3. High testing capacity for the coronavirus
According to the COVID Tracking Project, most states still don’t have enough tests per capita, and there should be at least 150 tests per 100,000 people per day. Testing is crucial to controlling the pandemic because it allows health officials to monitor the scale of the outbreak, isolate those who are sick, and implement lockdown measures if need be. Jen Kates, the director of global health at the Kaiser Family Foundation, explains that the states should be also saving up their testing capacity for when they begin to reopen. This is because as people move around more, they are going to come into contact more often with one another. Currently, the 12 states that have enough testing are Alaska, Connecticut, Delaware, Georgia, Illinois, Louisiana, Nevada, New Jersey, New Mexico, New York, North Dakota, and Rhode Island.
4. Decrease in percentage of COVID-19 tests that are positive
Although the World Health Organization (WHO) has advised that nations should aim to have less than 5 percent of tests coming back positive, as of now, many states have been unable to meet this goal. This guideline is important due to the fact that it is essentially another way to determine testing capacity. To explain, a high positive rate does not necessarily suggest that COVID-19 is a significant threat in your state. This is because a region with sufficient testing should be striving to test a lot of people, regardless of whether they believe they have contracted the virus or not. For the most part, high positive rates reveal that only people who have serious symptoms are being tested, ultimately inflating the severity of the outbreak. The 23 states that meet this goal include Alaska, California, Florida, Georgia, Hawaii, Kentucky, Louisiana, Maine, Michigan, Montana, Nevada, New Hampshire, New Mexico, New York, North Dakota, Oklahoma, Oregon, South Carolina, Tennessee, Vermont, Washington, West Virginia, and Wyoming.
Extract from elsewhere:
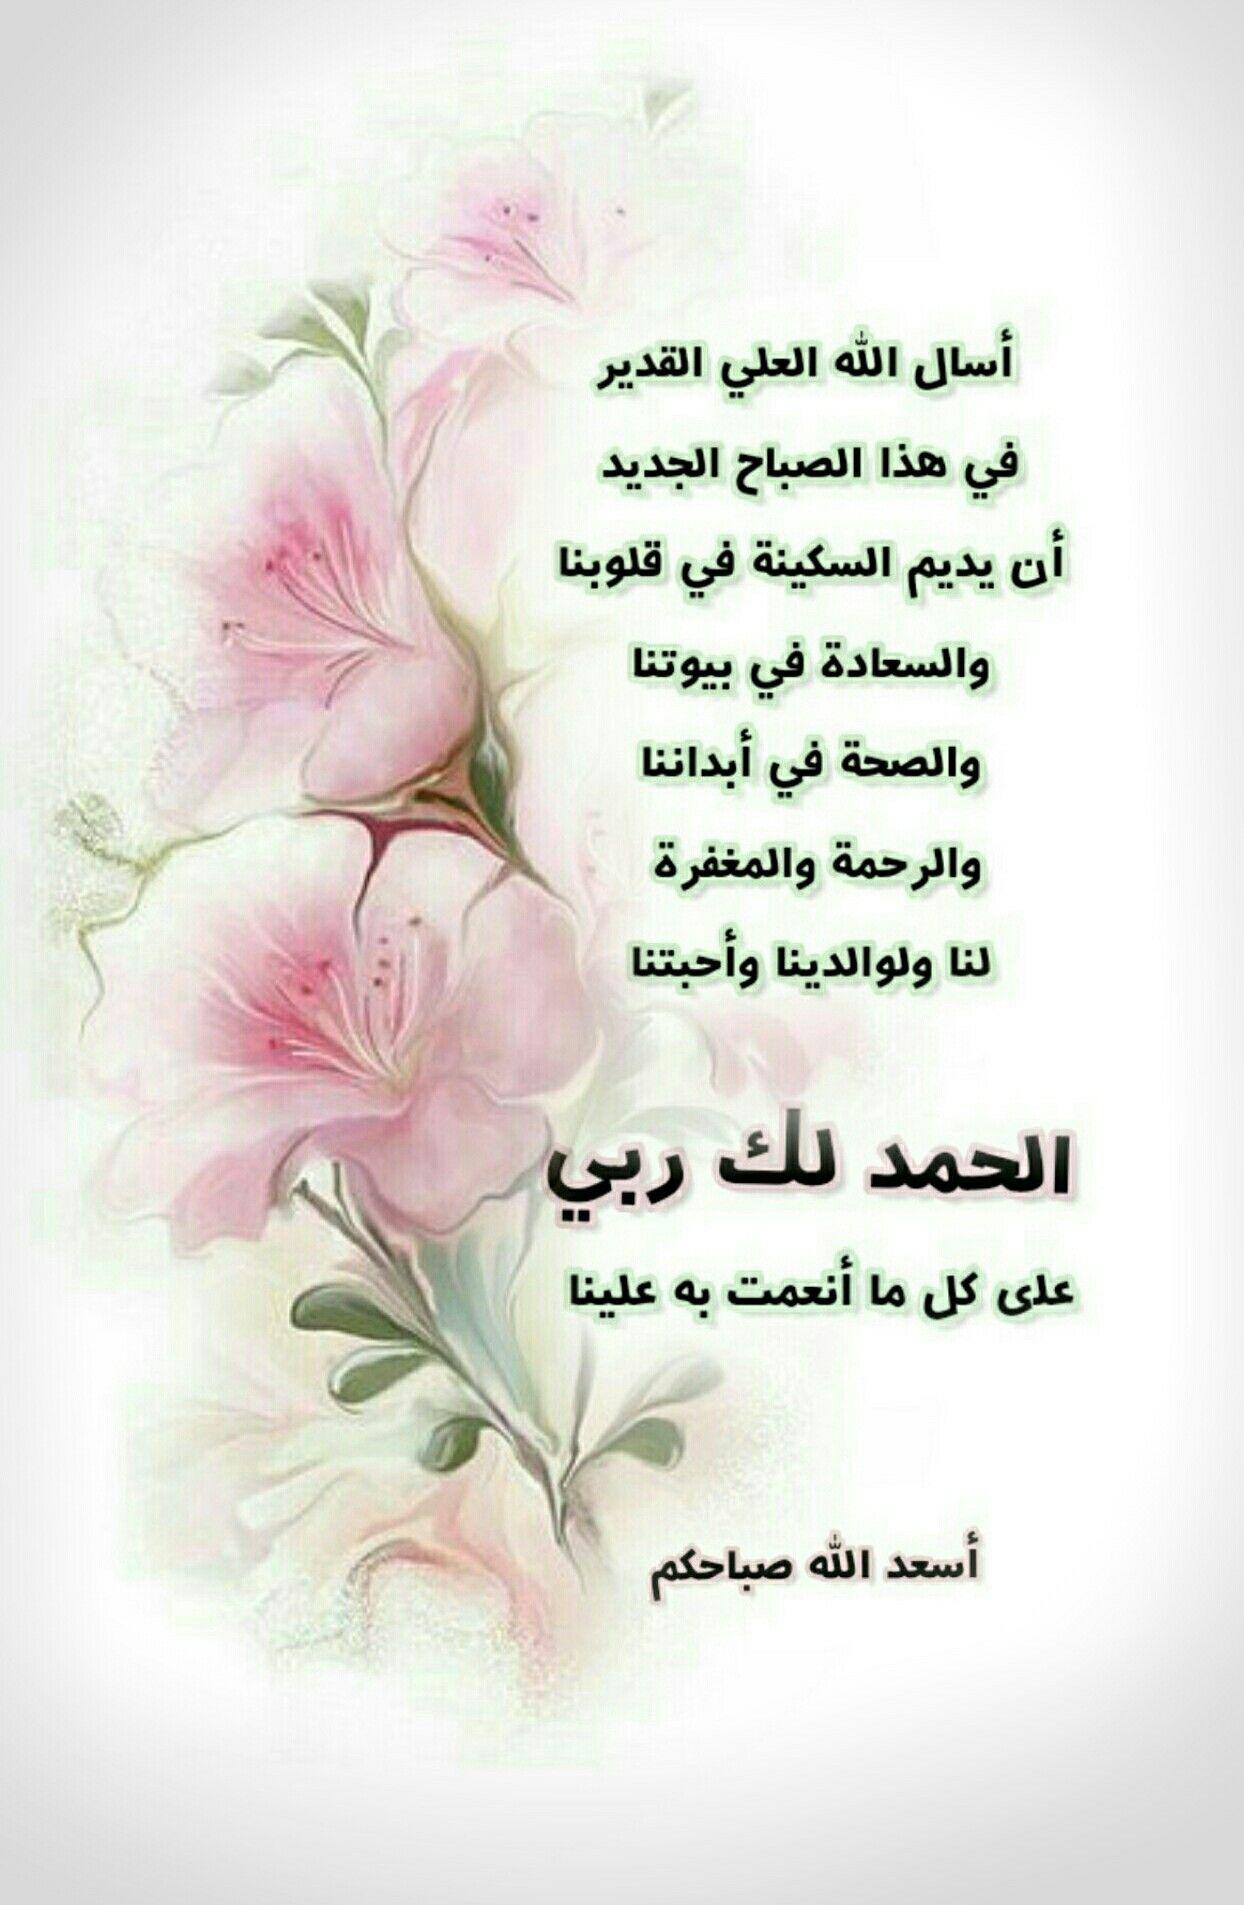 أسال الله العلي القدير في هذا الصباح الجديد أن يديم السكينة في قلوبنا والسعادة في بيوتنا والصحة في Good Morning Greetings Good Morning Arabic Morning Greeting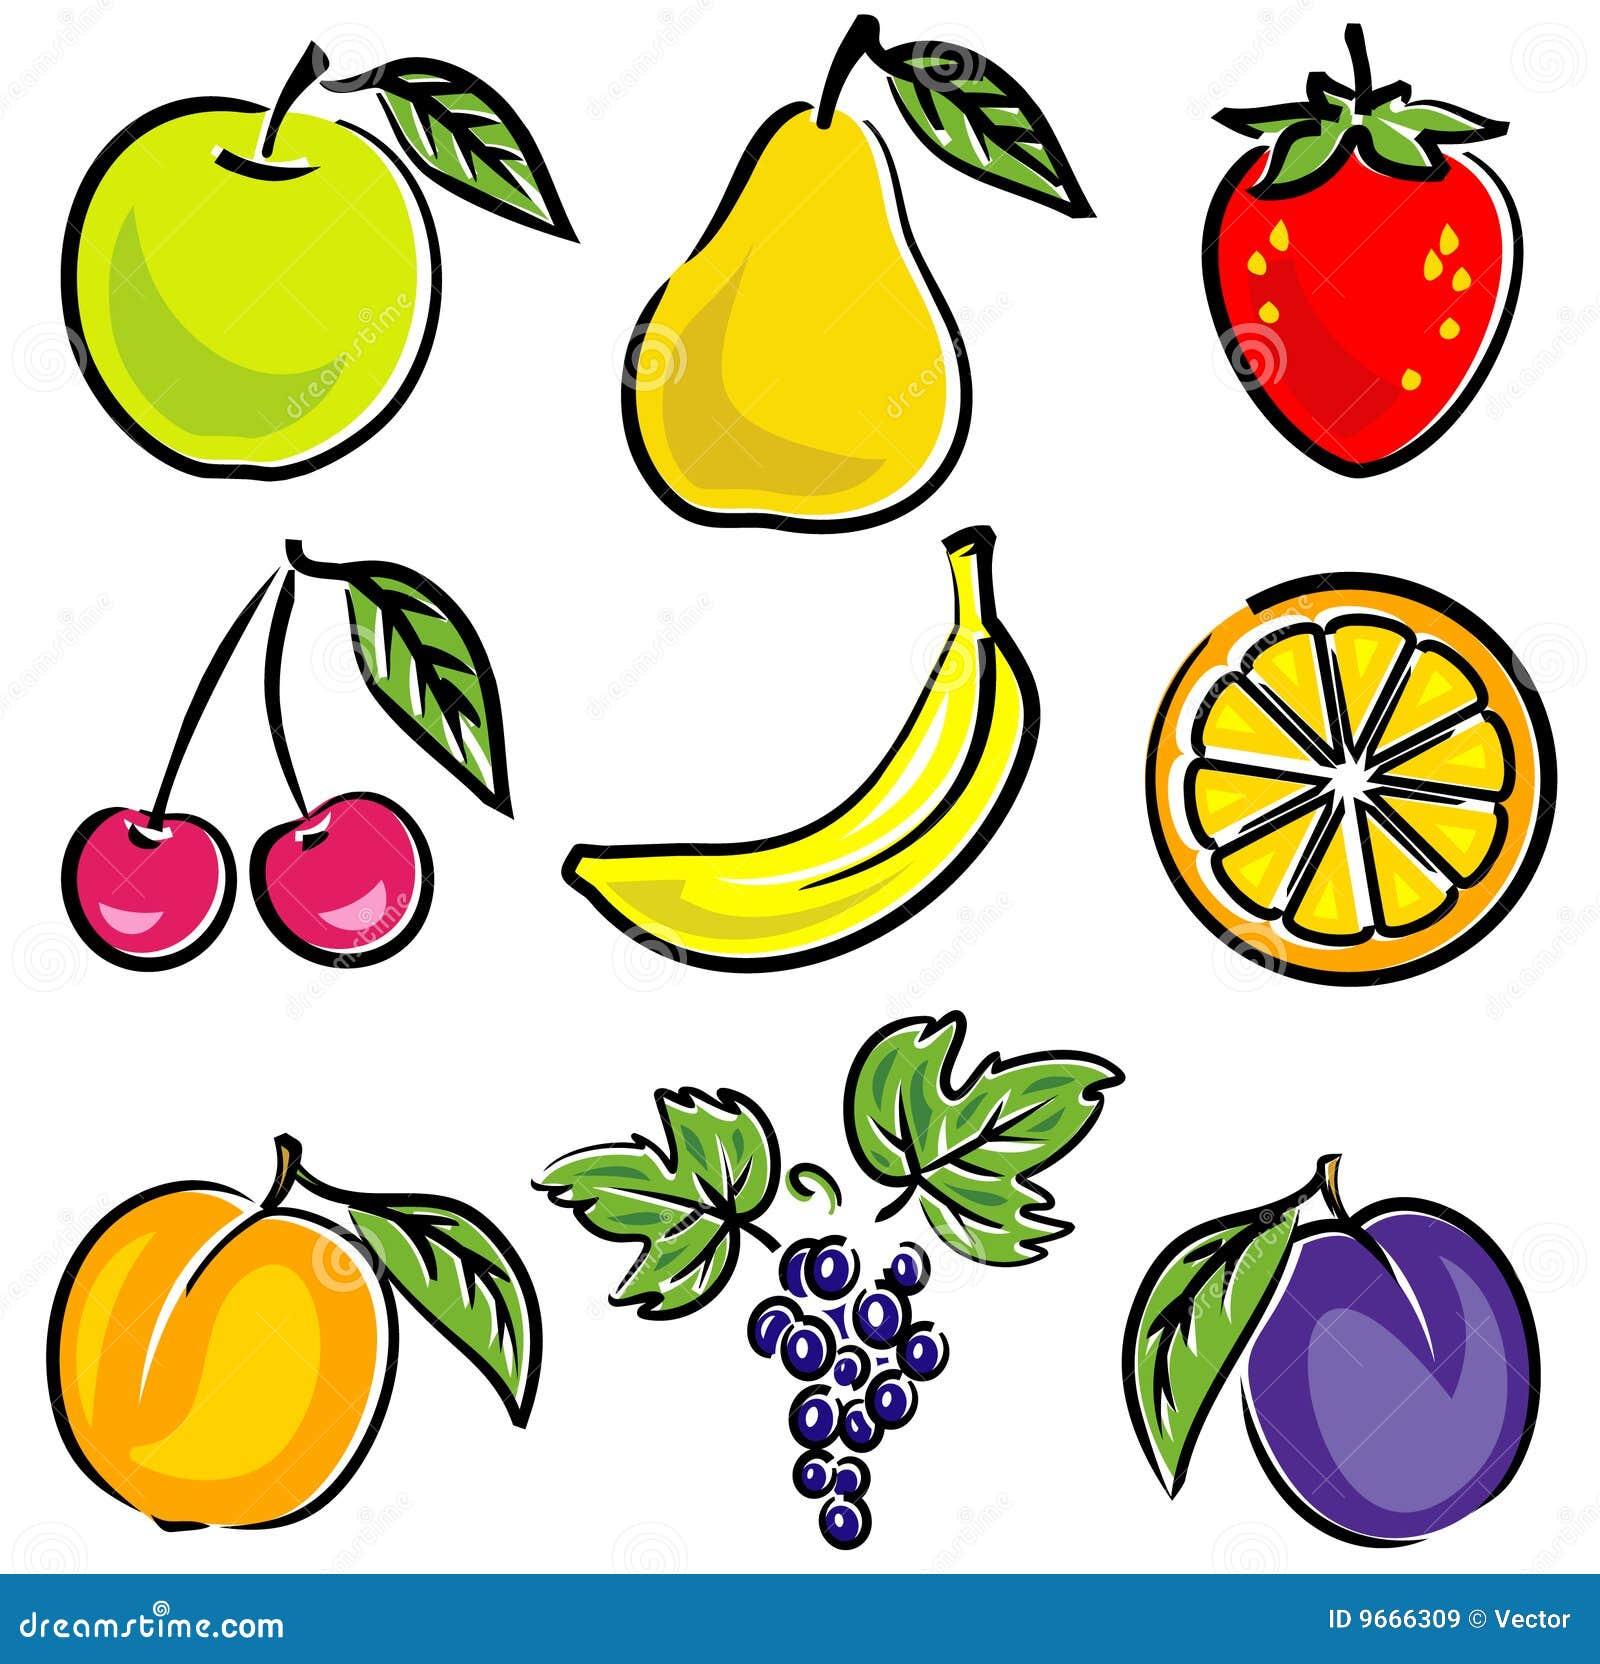 De VectorIllustratie van vruchten

5. Sufficient availability of ICU beds
The CDC has recommended that states maintain below 60 percent occupancy in the ICU beds within hospitals. This is because if a future outbreak occurs, the health care system needs to be prepared to provide medical assistance to very severe cases and save lives. By continuing to practice social distancing, people can help prevent the spread of the virus so that hospitals can maintain and grow its ability to treat very ill patients. Thankfully, most state hospitals are not currently overwhelmed, with the 30 states meeting this goal including Alaska, Arizona, Arkansas, California, Connecticut, Delaware, Idaho, Illinois, Indiana, Iowa, Kansas, Kentucky, Minnesota, Missouri, Montana, New Hampshire, New Jersey, New Mexico, New York, North Dakota, Ohio, Oklahoma, Pennsylvania, South Dakota, Utah, Vermont, Virginia, Washington, Wisconsin, and Wyoming.